*** Block opens ***

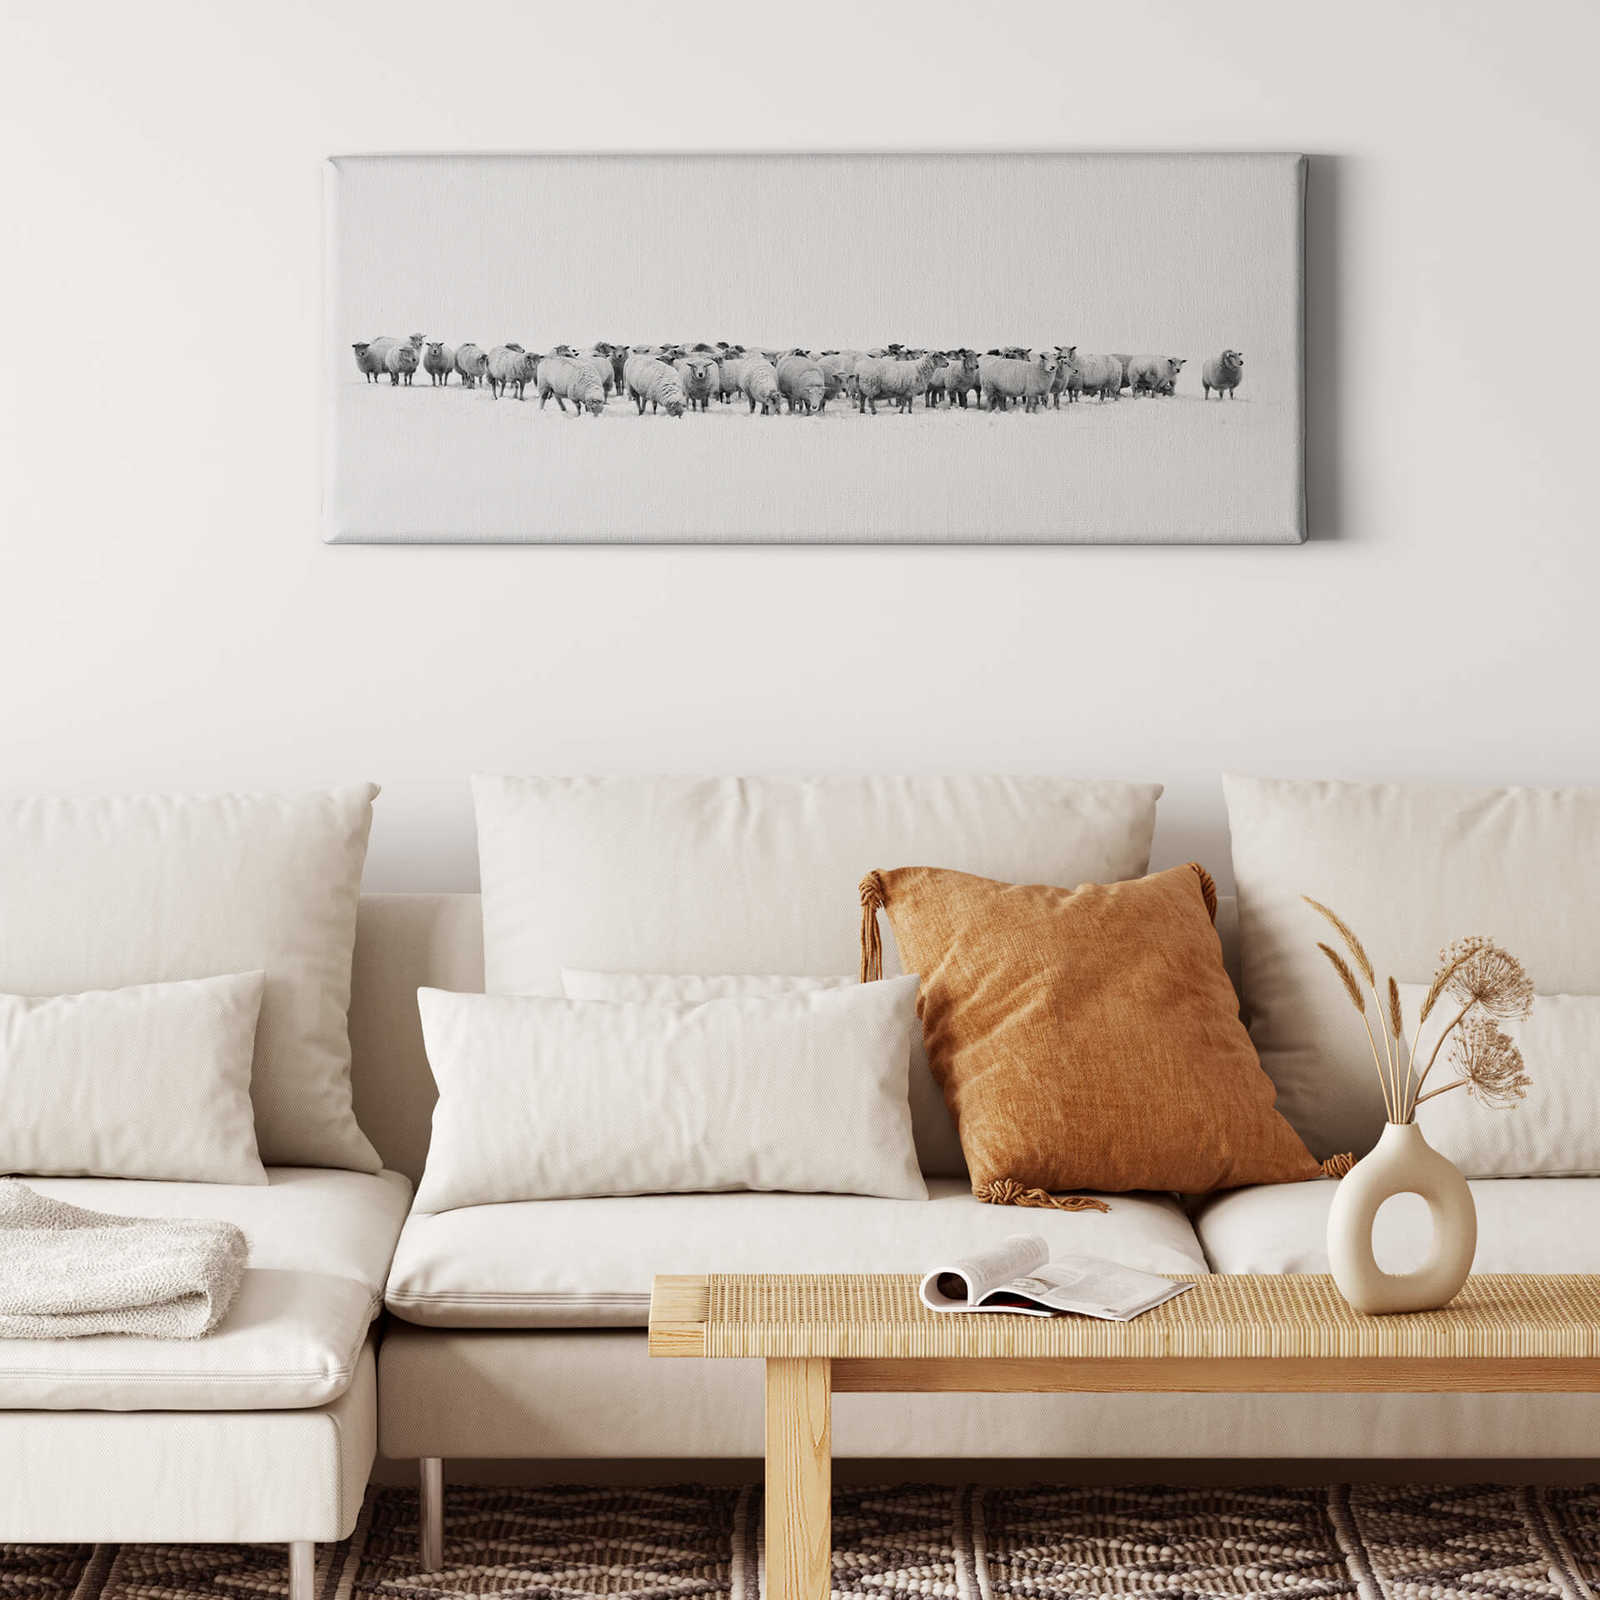             Tableau panoramique sur toile Troupeau de moutons en blanc - 1,00 m x 0,40 m
        
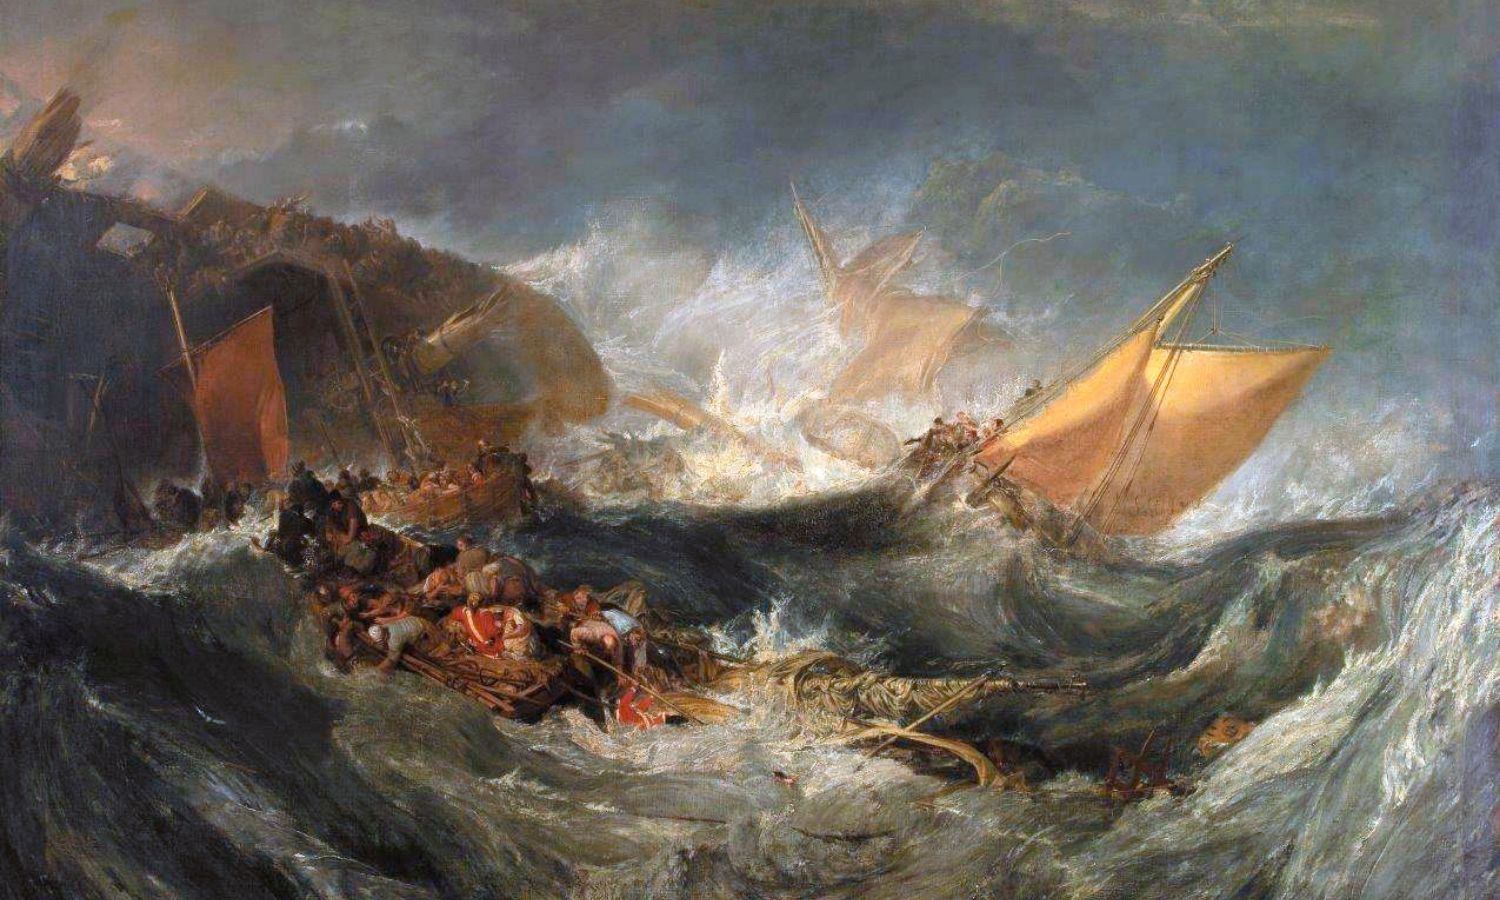 OTD in 1810: The British ship HMS Minotaur sunk
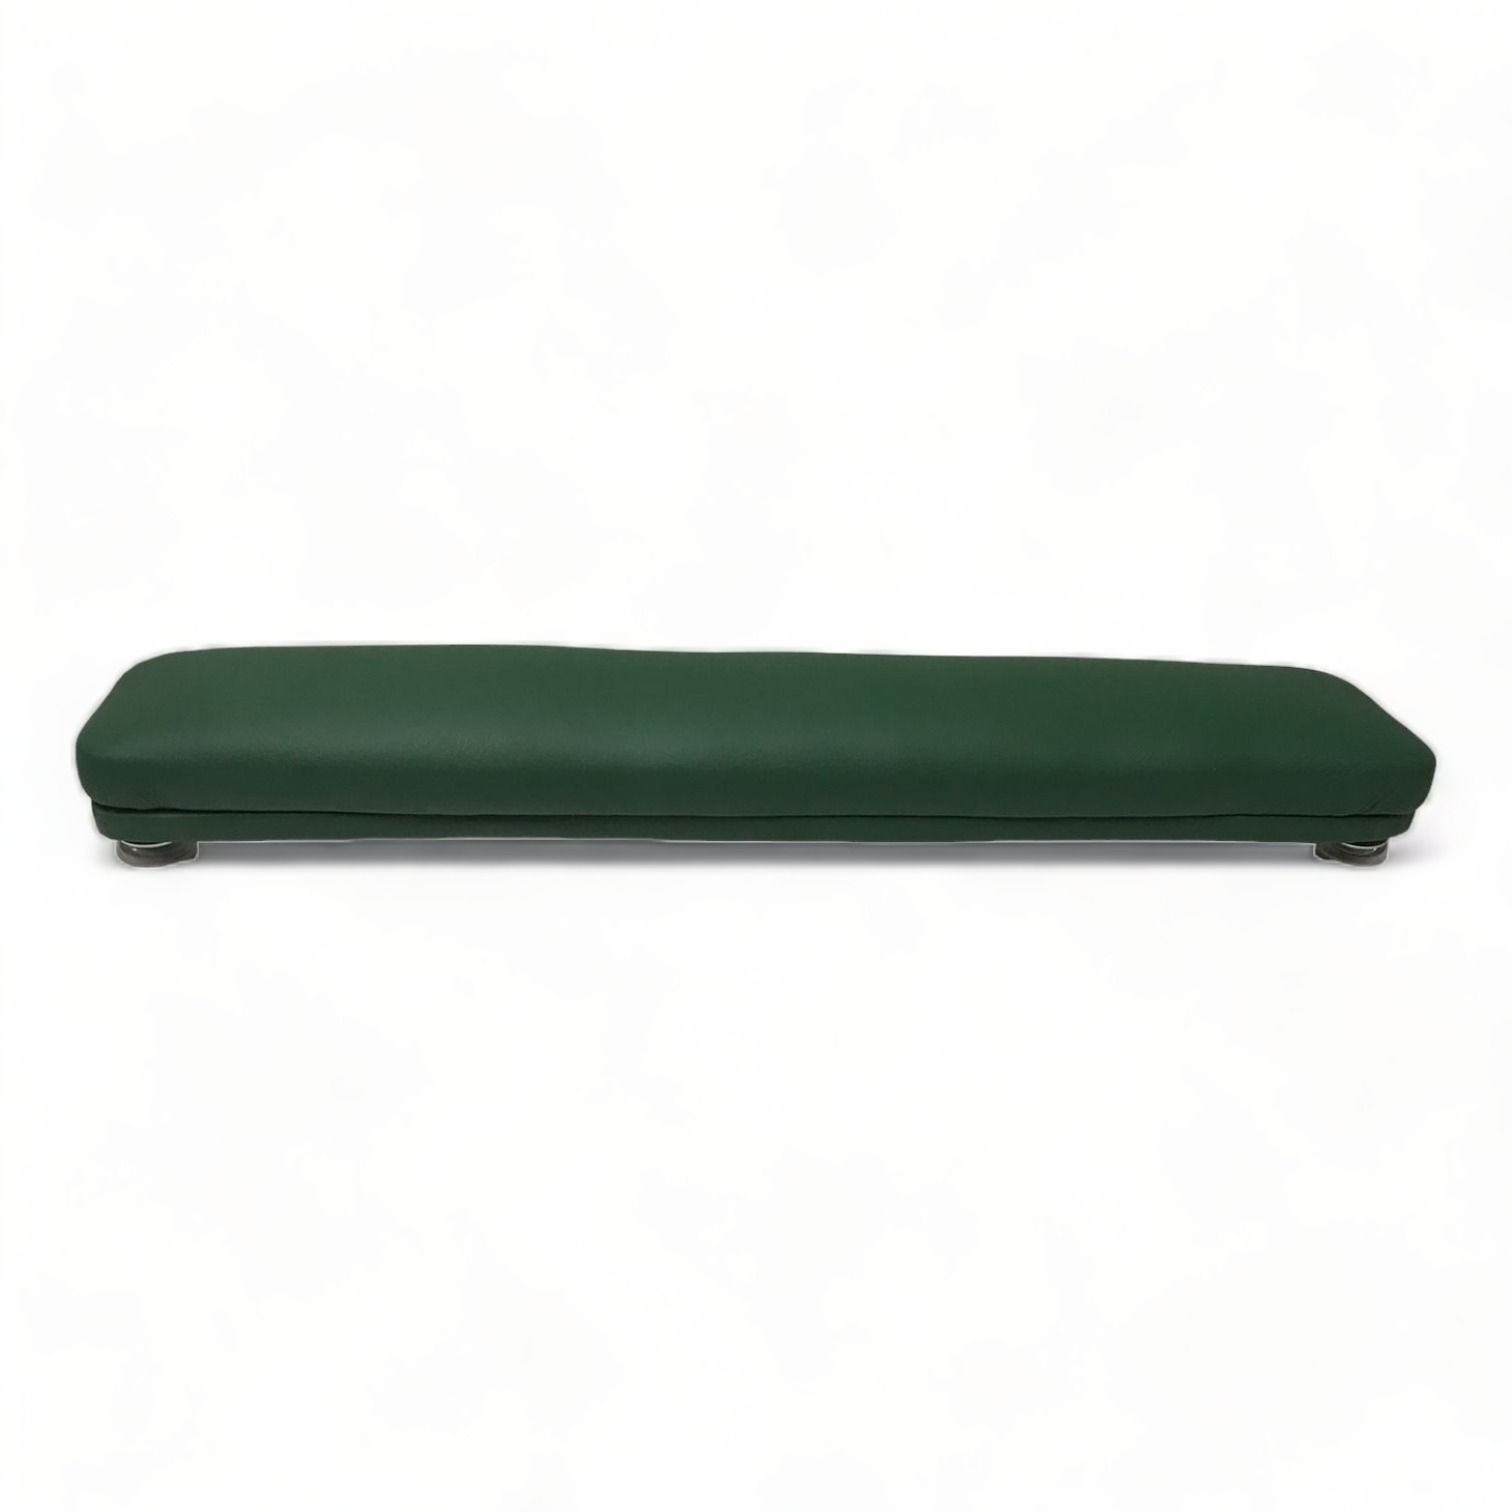 Валик для маникюра Мебель Бьюти Бьюти Зеленый 50 см bradex валик для фитнеса
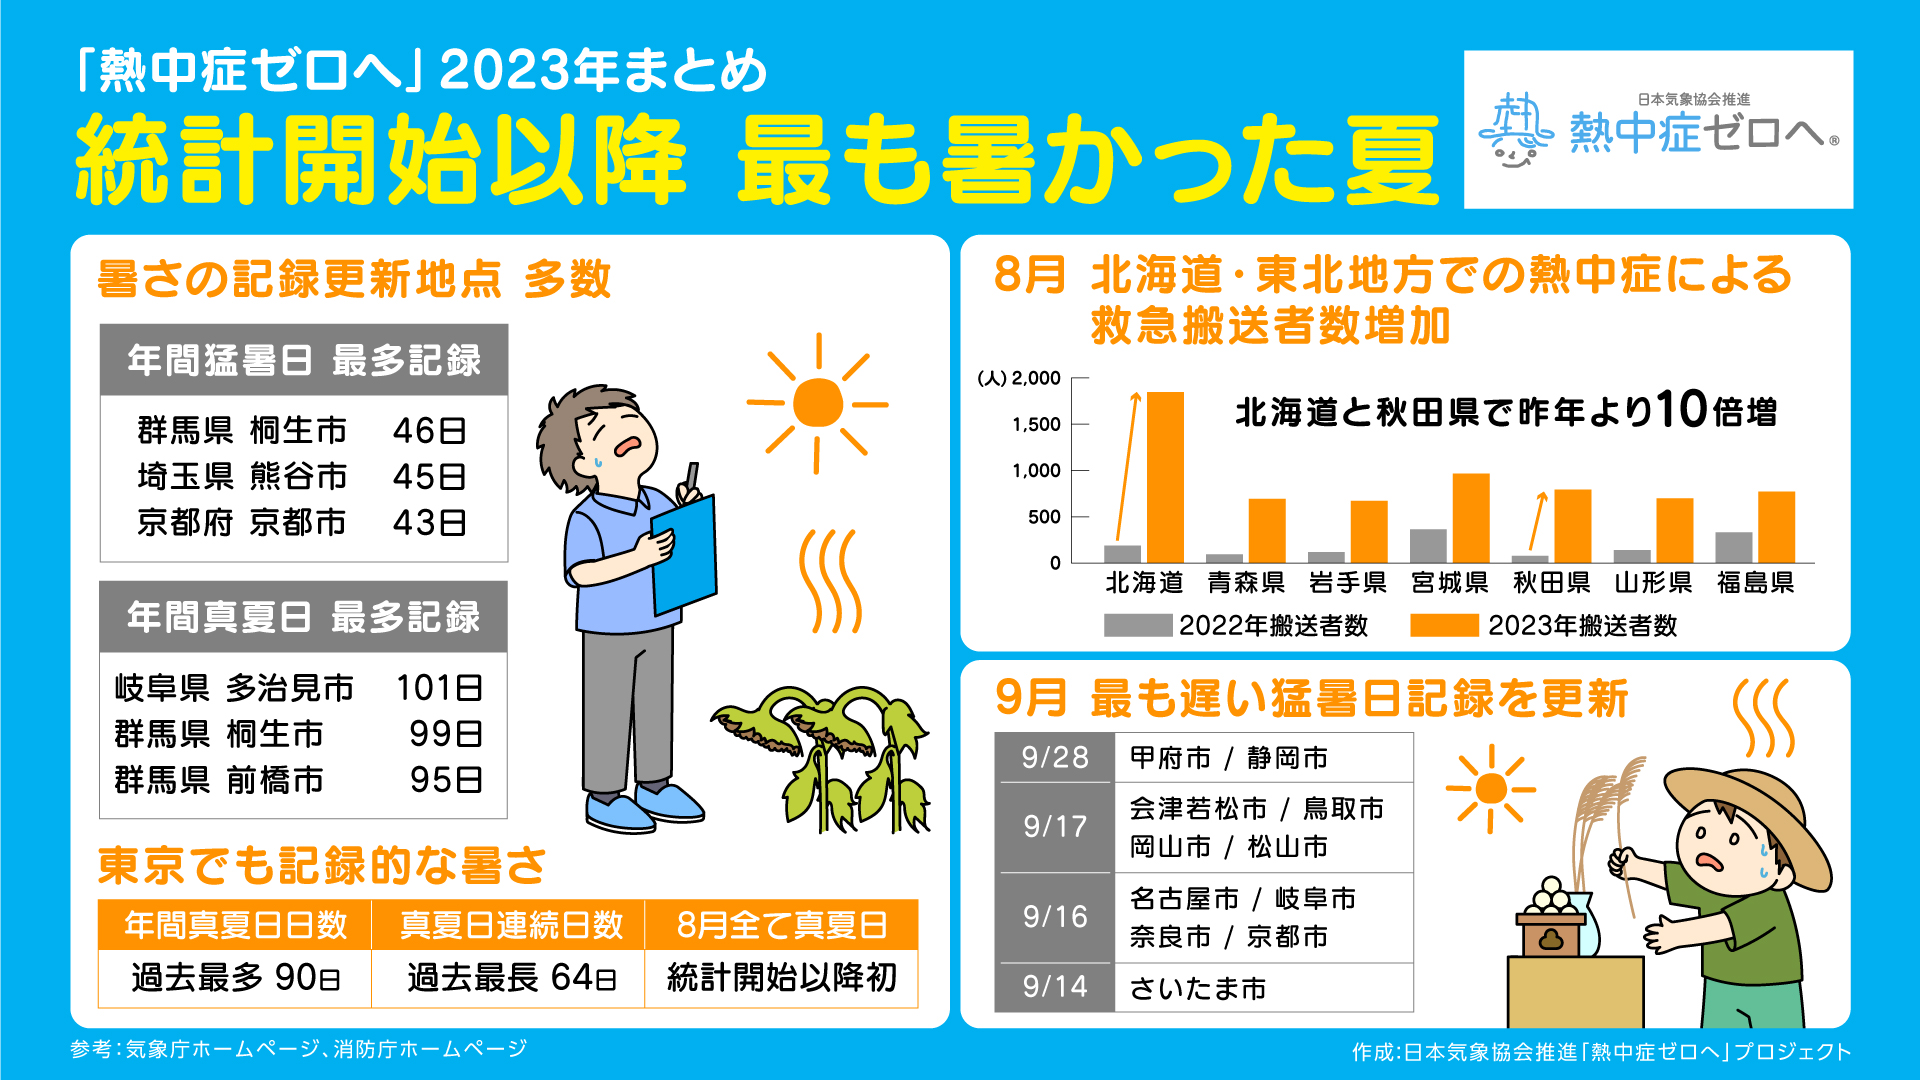 【熱中症ゼロへ】2023年の熱中症にまつわる3大ニュース

*** Block closes ***

#### Task to carry out
The answer must be the lines above from the line that contains "OTD in 1810: The" to the final line of the data, word for word, with no pictures.

#### Task response
 OTD in 1810: The British ship HMS Minotaur sunk
 Валик для маникюра Мебель Бьюти Бьюти Зеленый 50 см bradex валик для фитнеса
 【熱中症ゼロへ】2023年の熱中症にまつわる3大ニュース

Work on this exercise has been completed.